Помолчав, она продолжила:
— Последнее письмо от него пришло три дня назад. Четыре, если сегодня не будет никаких известий. Сегодня… после захода солнца… вы вернетесь сюда? Нам надо…
Она чуть-чуть повернула голову, и боль тут же тисками сжала виски. Лидия почувствовала, как расслабились его пальцы, за которые она до сих пор цеплялась. Исидро с закрытыми глазами сидел в углу, привалившись спиной к стене. Сон слегка смягчил черты его лица, и теперь — как и у Евгении — оно выглядело совсем по-человечески, словно вместе с ночью ушли и все терзавшие дона Симона печали и скорби. Лидия невольно задумалась над тем, что сделали с его душой прошедшие столетия.
Но что такое душа, если уж на то пошло? Ребенок, которого она потеряла… ребенок, который сейчас, возможно, уже жил в ней, хотя она упорно гнала от себя эту надежду… ребенок Джейми… КТО они?

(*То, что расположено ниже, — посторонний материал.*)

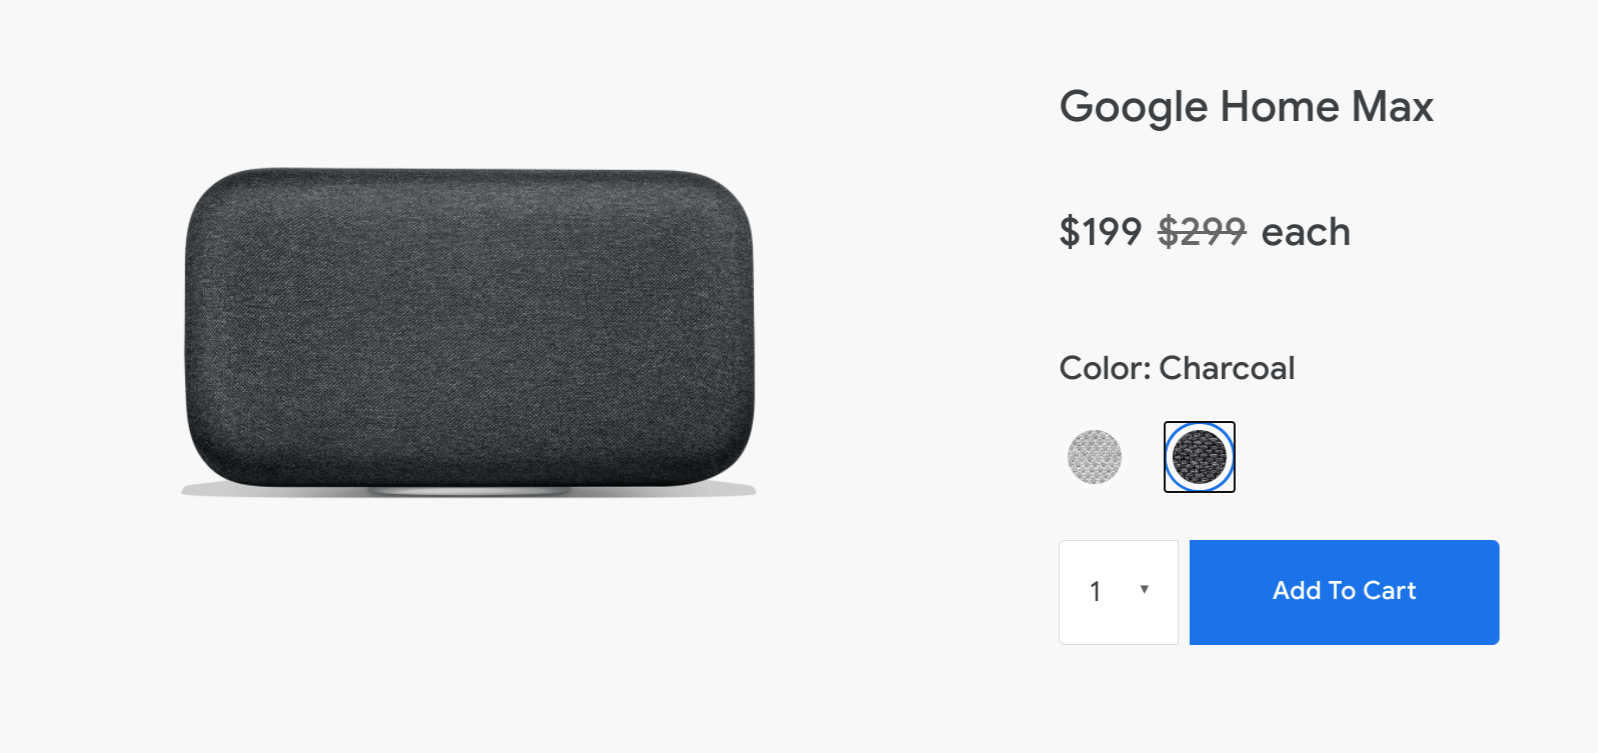 Google discounts Home Max to $199 ahead

Кем он был, этот молодой мужчина, умерший еще до того, как королева Елизавета взошла на трон? Не стань этот незнакомец бессмертным и проклятым, она никогда бы с ним не встретилась, никогда бы его не узнала, никогда не…

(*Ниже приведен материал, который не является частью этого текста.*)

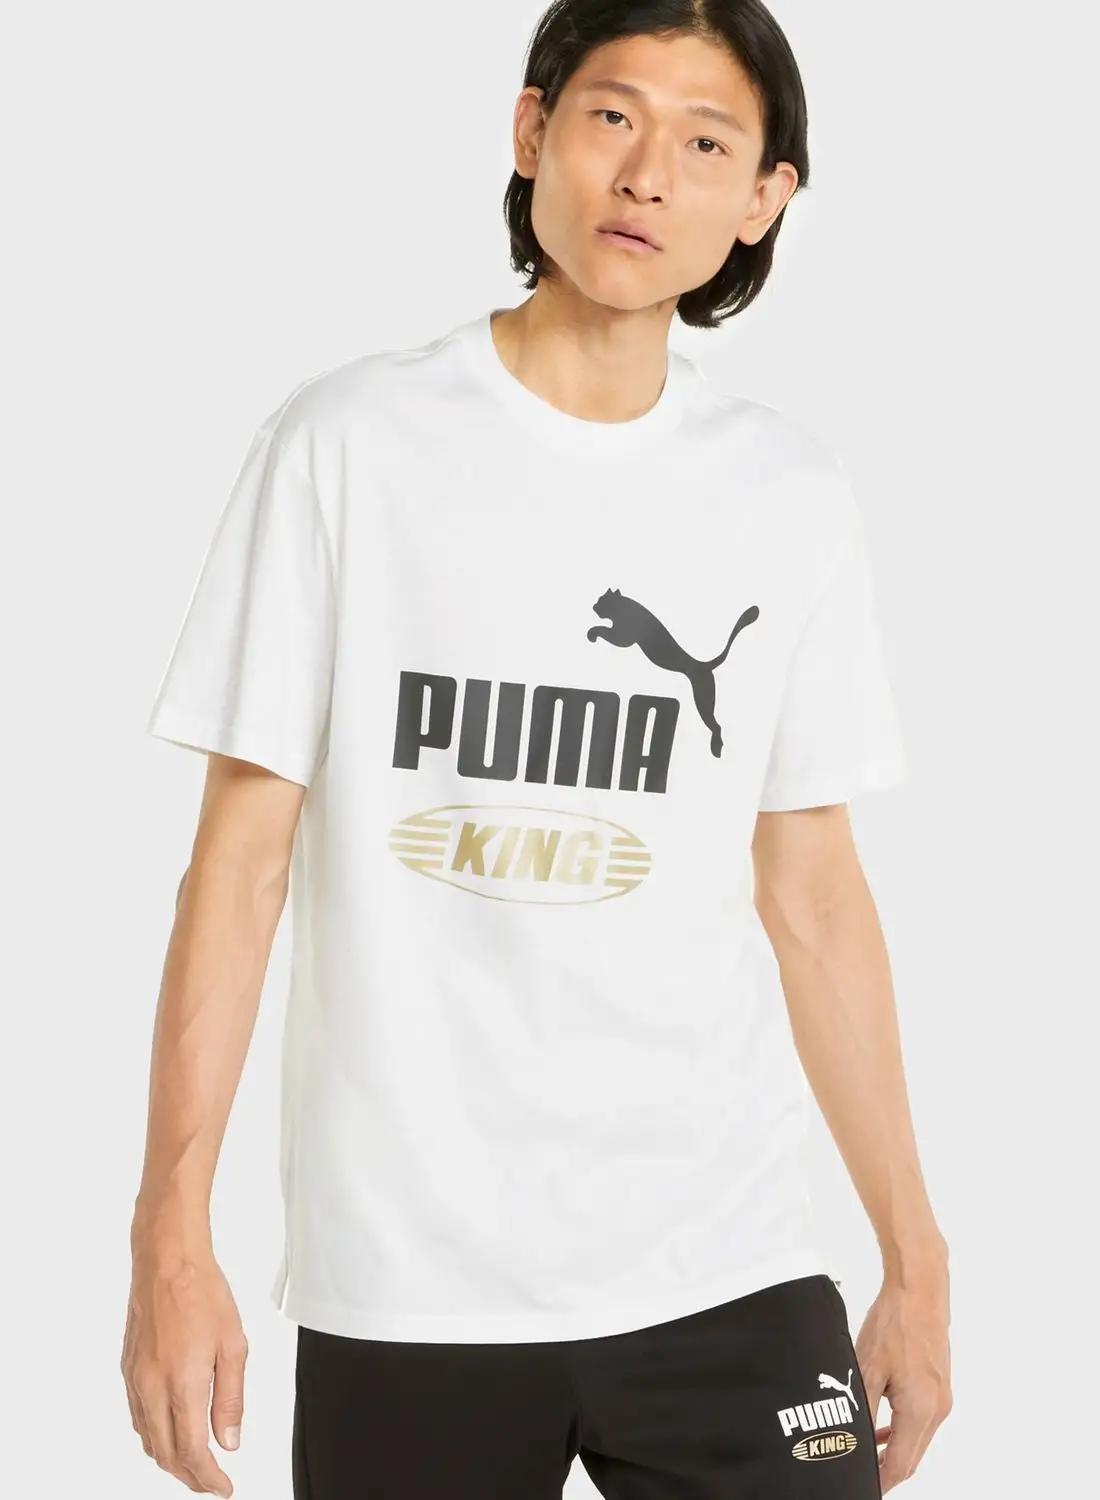 PUMA King Logo T-Shirt

Над головой скрипнула доска и послышались чьи-то шаги. У нее екнуло сердце. Иов, Иван, Рина…
— Мы здесь, — позвала она. — Закройте дверь, закройте дверь в подвал…

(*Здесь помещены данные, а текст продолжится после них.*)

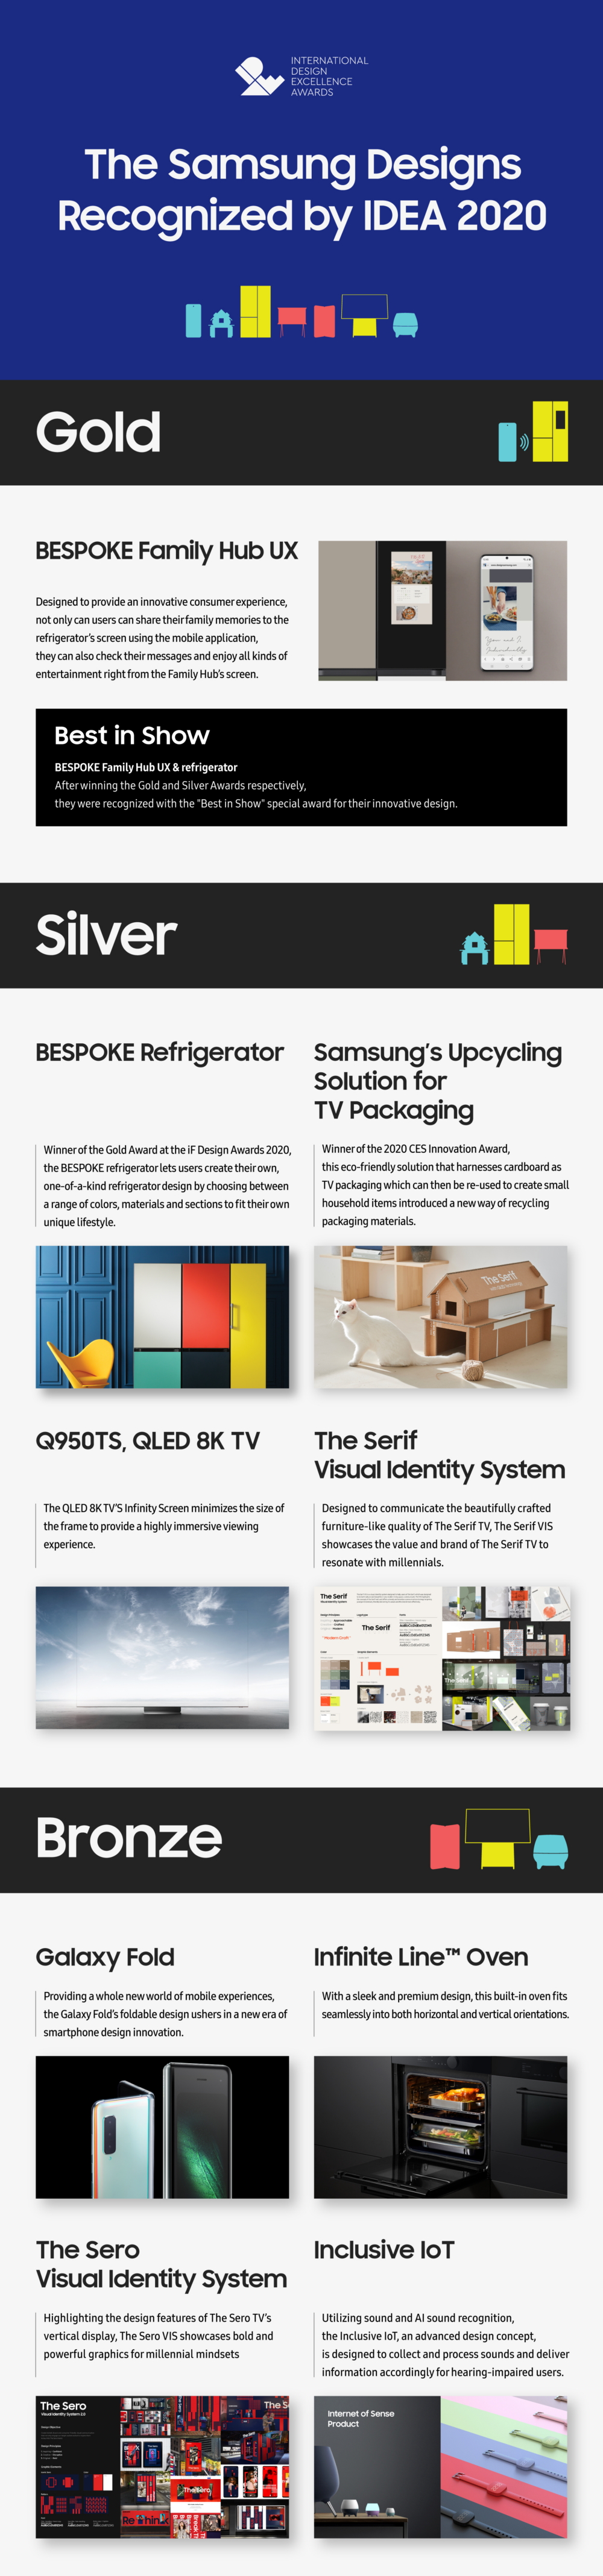 Samsung IDEA 2020 Awards Infographic

Каждое слово давалось с трудом, под крышкой черепа словно перекатывались и грохотали железные колеса, грозя разнести голову на части.
Звук шагов приблизился — кто-то спускался по лестнице. Мысли путались и тонули в густом тумане. Лидия ухватилась за одну из них. Что ей сказать, как объяснить, кто эти двое спящих людей и почему они должны оставаться здесь, и как ей удастся найти для них другое место, когда у нее так болит голова..?
Только бы не заснуть. Надо убедить Иова и Рину… А если они решат, что она бредит..?
Сама мысль о том, что придется кому-то что-то объяснять, вообще прикладывать какие-то усилия, вызвала очередной приступ дурноты. Лидии хотелось только одного: заснуть и оставить все на произвол судьбы.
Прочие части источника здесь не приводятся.